BUS-P 301 Operations Management (3 cr.) 
Production and its relationship to marketing, finance, accounting, and human resource functions are described. Forecasting demand, aggregate planning, master scheduling, capacity planning, and material planning provide the basis for linking strategic operations plans. Other topics include facilities design, performance measurement, productivity improvement, quality control, JIT, TOC, and project management. Note: Students currently in the Academic Success Center cannot register for this course.

BUS-K 321 Management of Information Technology (3 cr.) 
Introduction to Management Information Systems (MIS), including the key building blocks of information systems, namely: hardware, software, telecommunications (including the Internet/intranet/extranet), databases and DBMS. The focus of this course is on using and managing information technologies to derive business value.  Note:  Students currently in the Academic Success Center cannot register for this course.

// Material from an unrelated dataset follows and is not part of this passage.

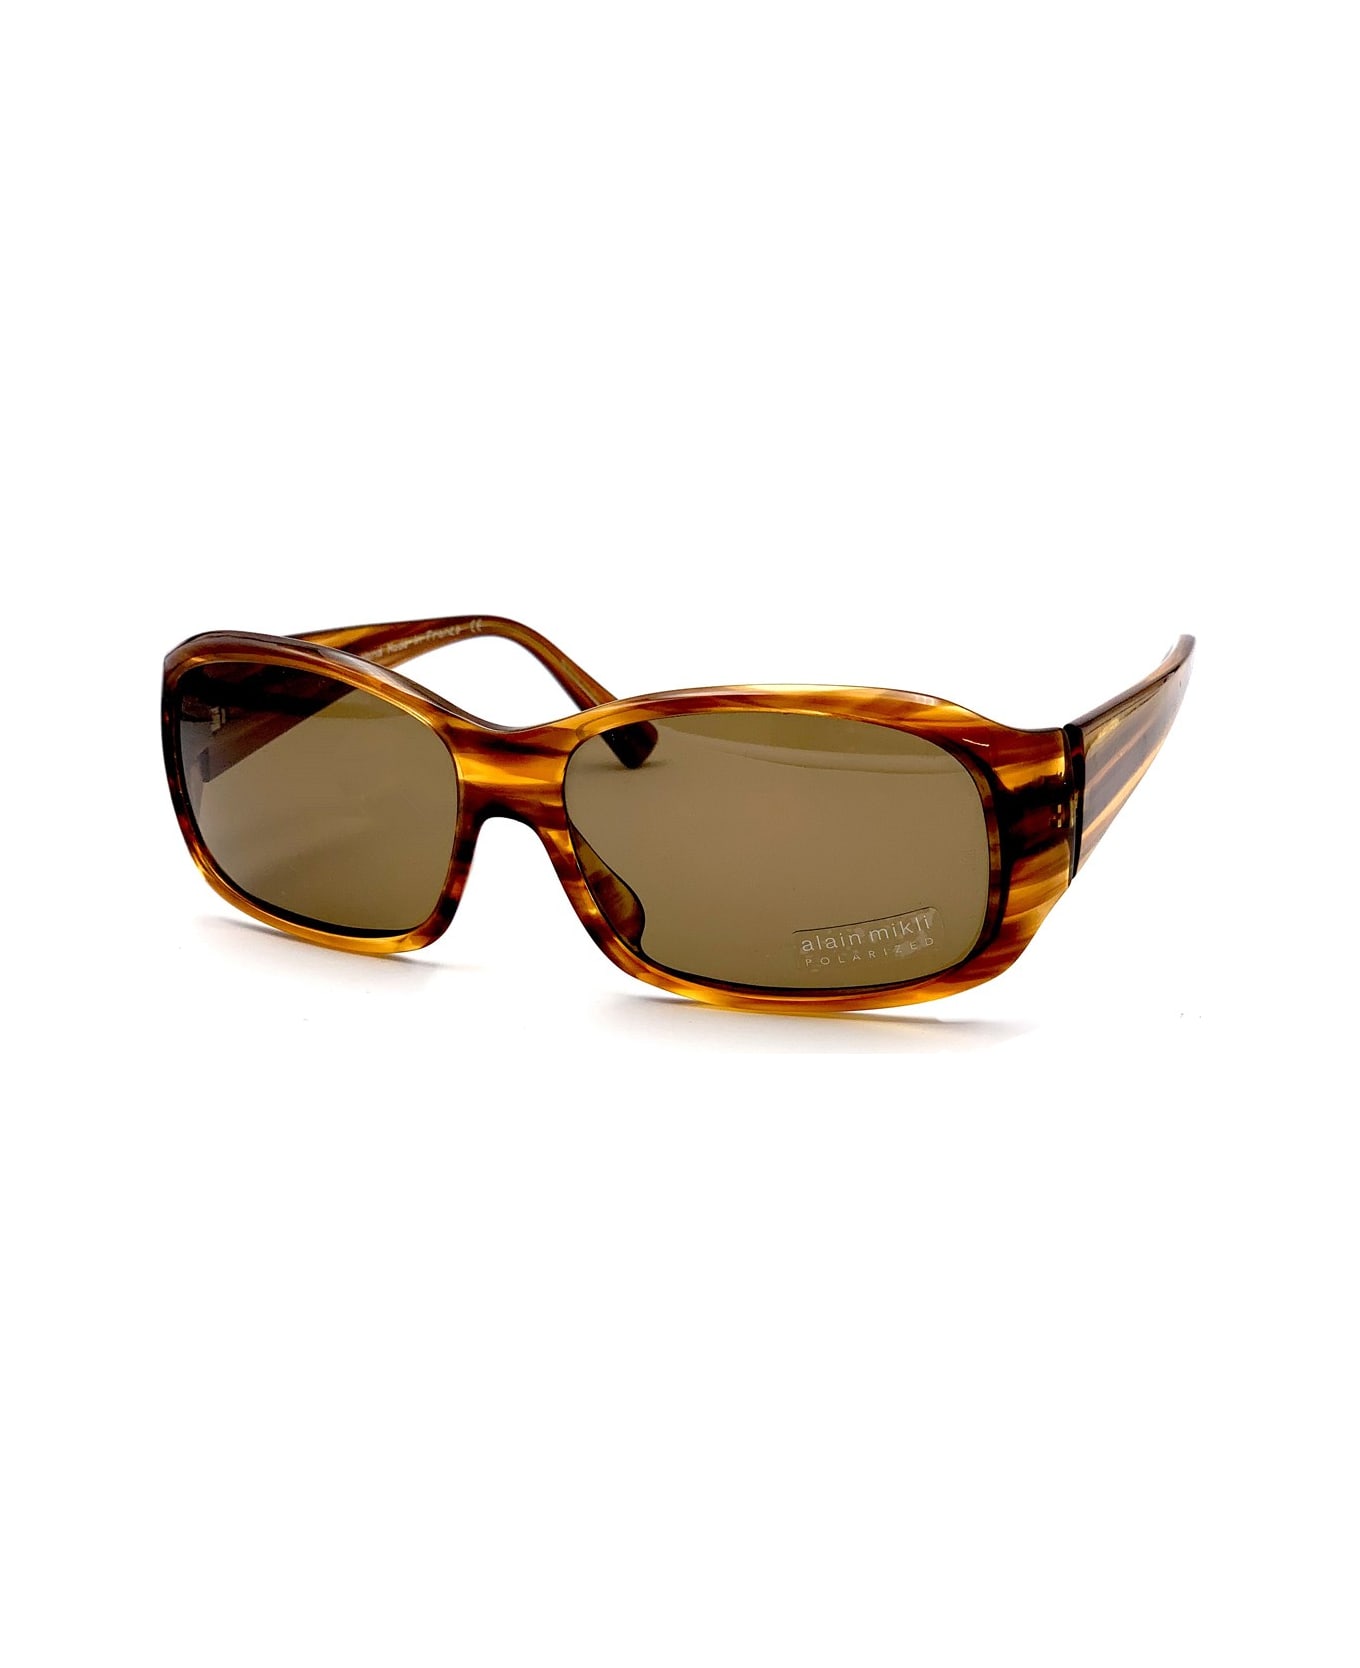 Alain Mikli A0465 Pact Polarizzato Sunglasses - Marrone サングラス
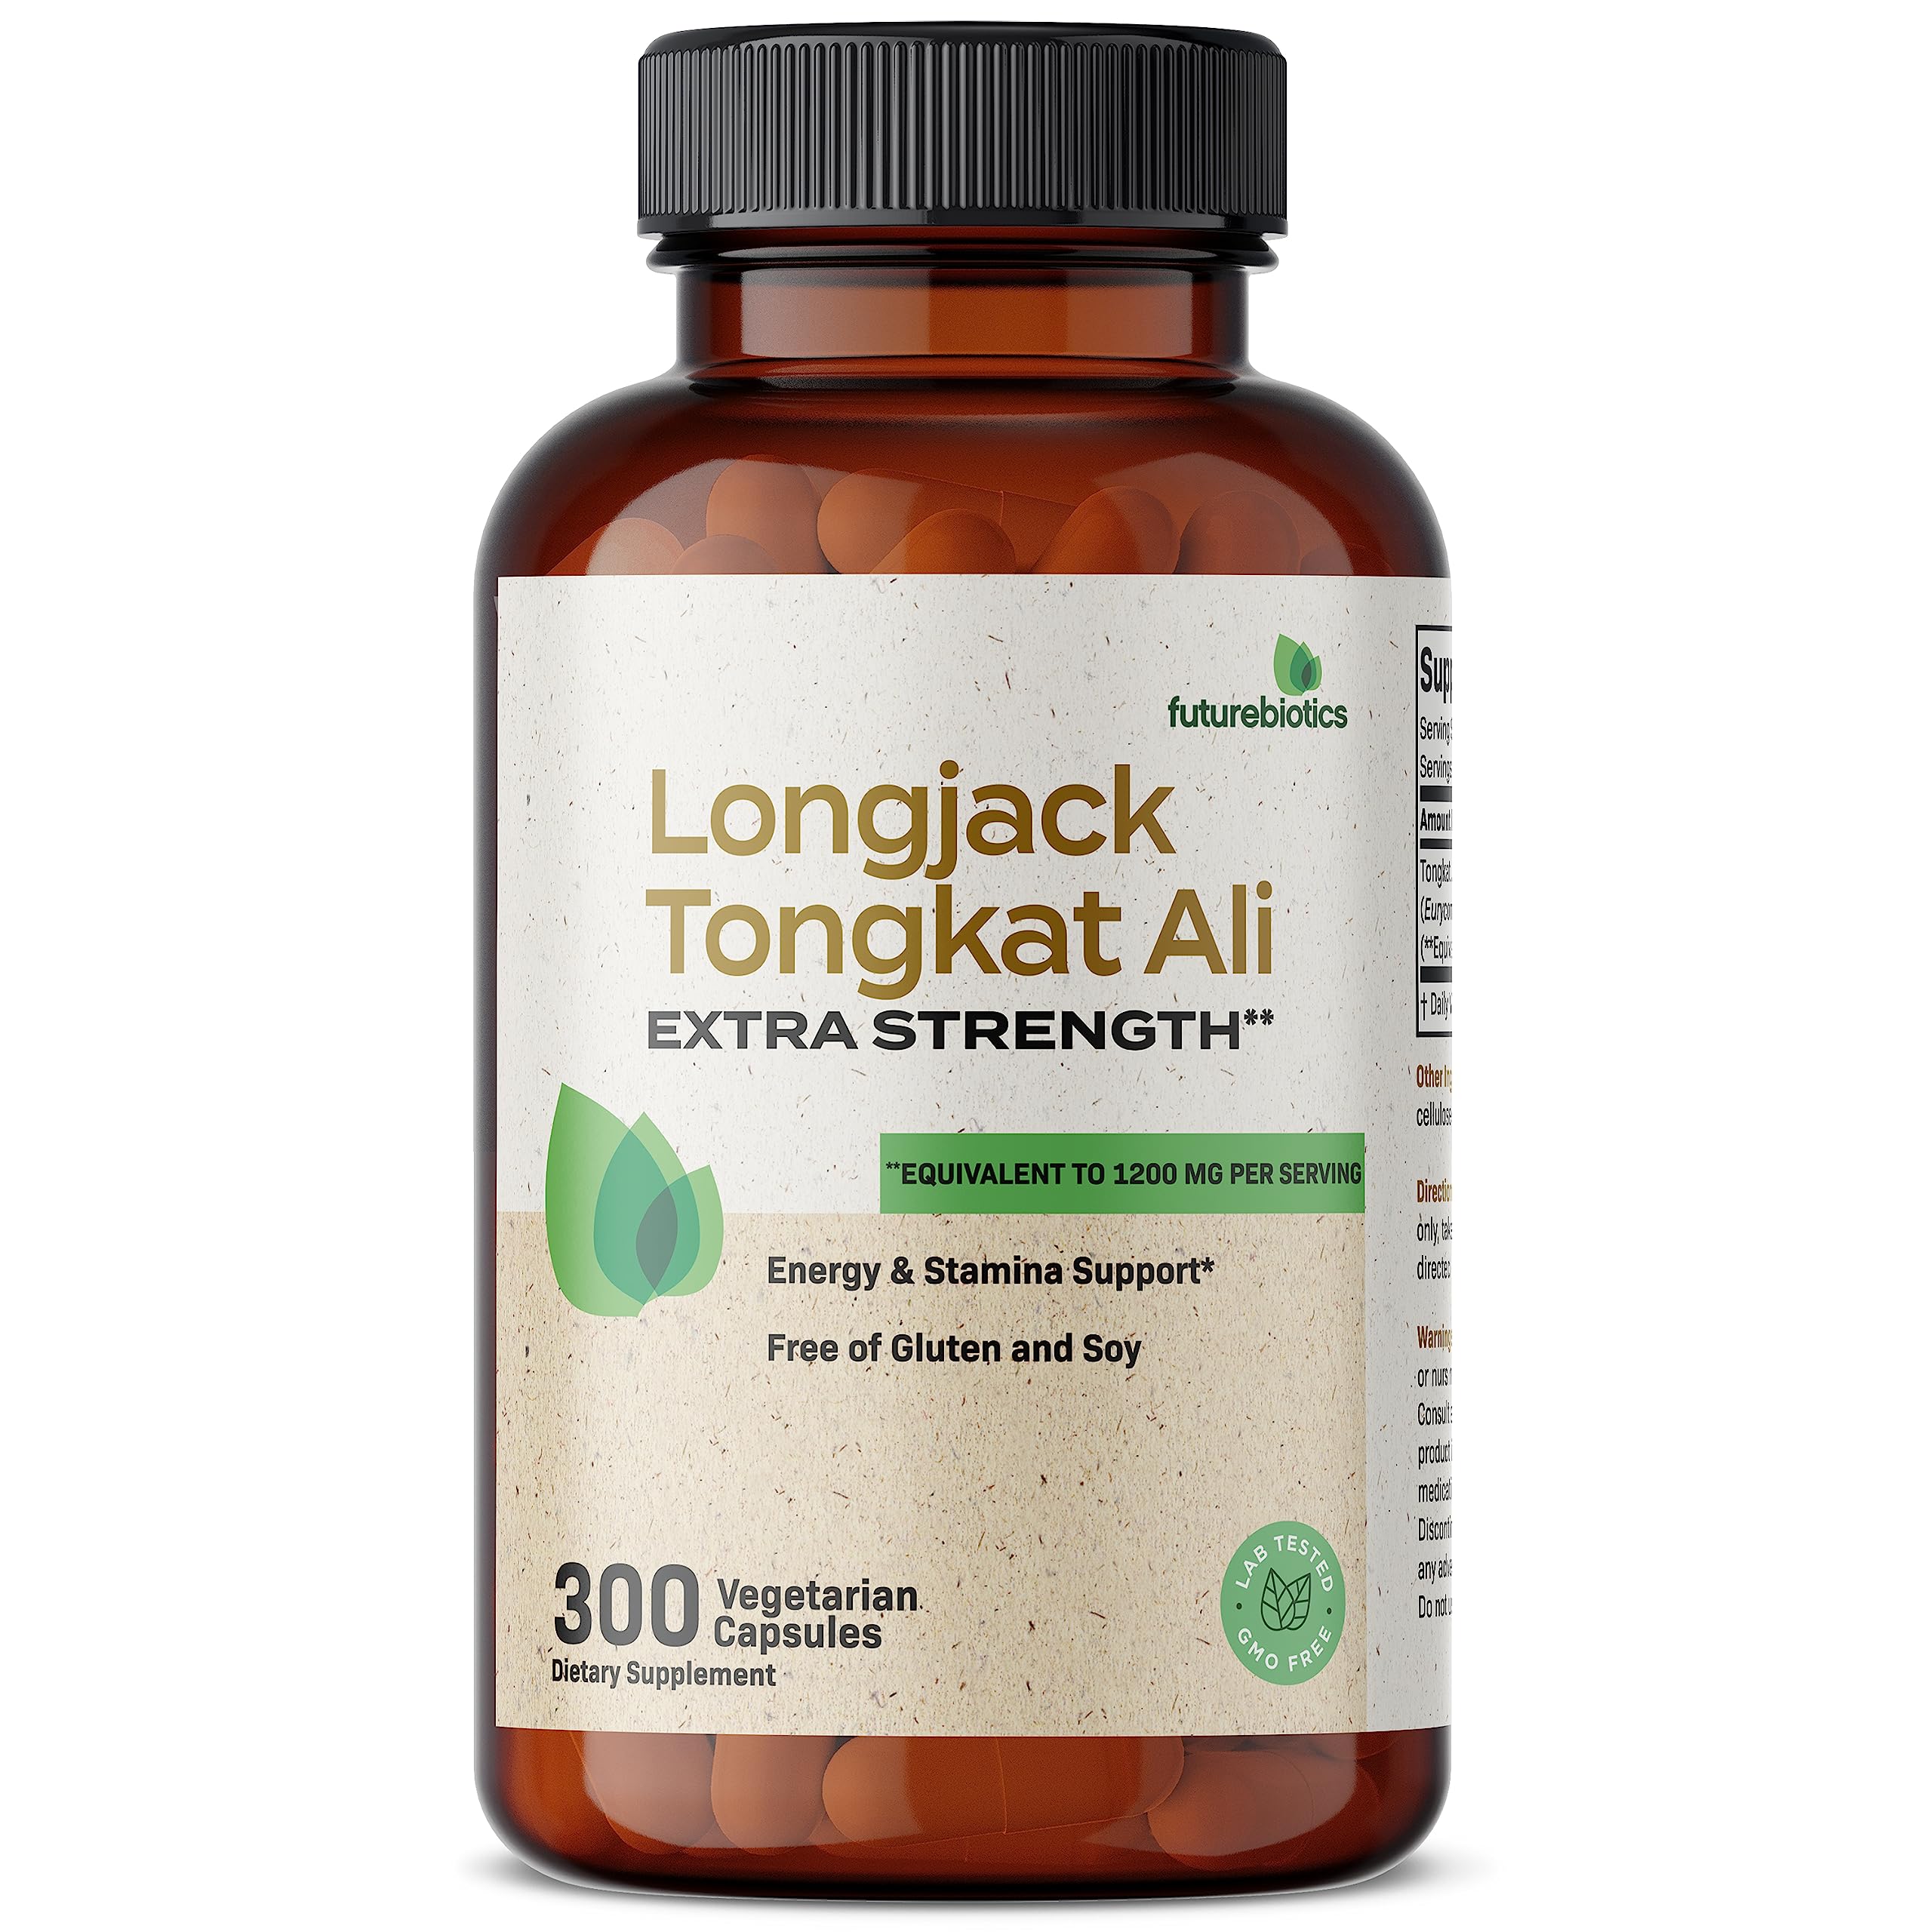 Futurebiotics Longjack Tongkat Ali 1200 MG Energy & Stamina Support, Non-GMO, 300 Vegetarian Capsules

BUS-Z 302 Managing and Behavior in Organizations (3 cr.) 
Integration of behavior and organizational theories. Application of concepts and theories toward improving individual, group, and organizational performance. Builds from a behavioral foundation toward an understanding of managerial processes. Students currently in the Academic Success Center cannot register for this course.

BUS-X 410 Business Career Planning and Placement (1 cr.) 
Assists students in obtaining positions consistent with career goals. Career planning, organized employment campaign, job-application methods, interview, initial conduct on job. Although this course is offered each regular academic semester, seniors should enroll in the first semester of their senior year. Accounting students especially should enroll in the fall term to take advantage of on-campus recruiting activity. Also open to second-semester juniors and seniors of other schools. (Students currently working in a professional position may substitute a 300/400 business course for BUS-X 220 and BUS-X 410. Contact the undergraduate advisor.)

BUS-J 401 Administrative Policy (3 cr.) 
Administration of business organizations; strategy formulation, organization, methods, and executive control. Should be taken in final semester. Authorization required.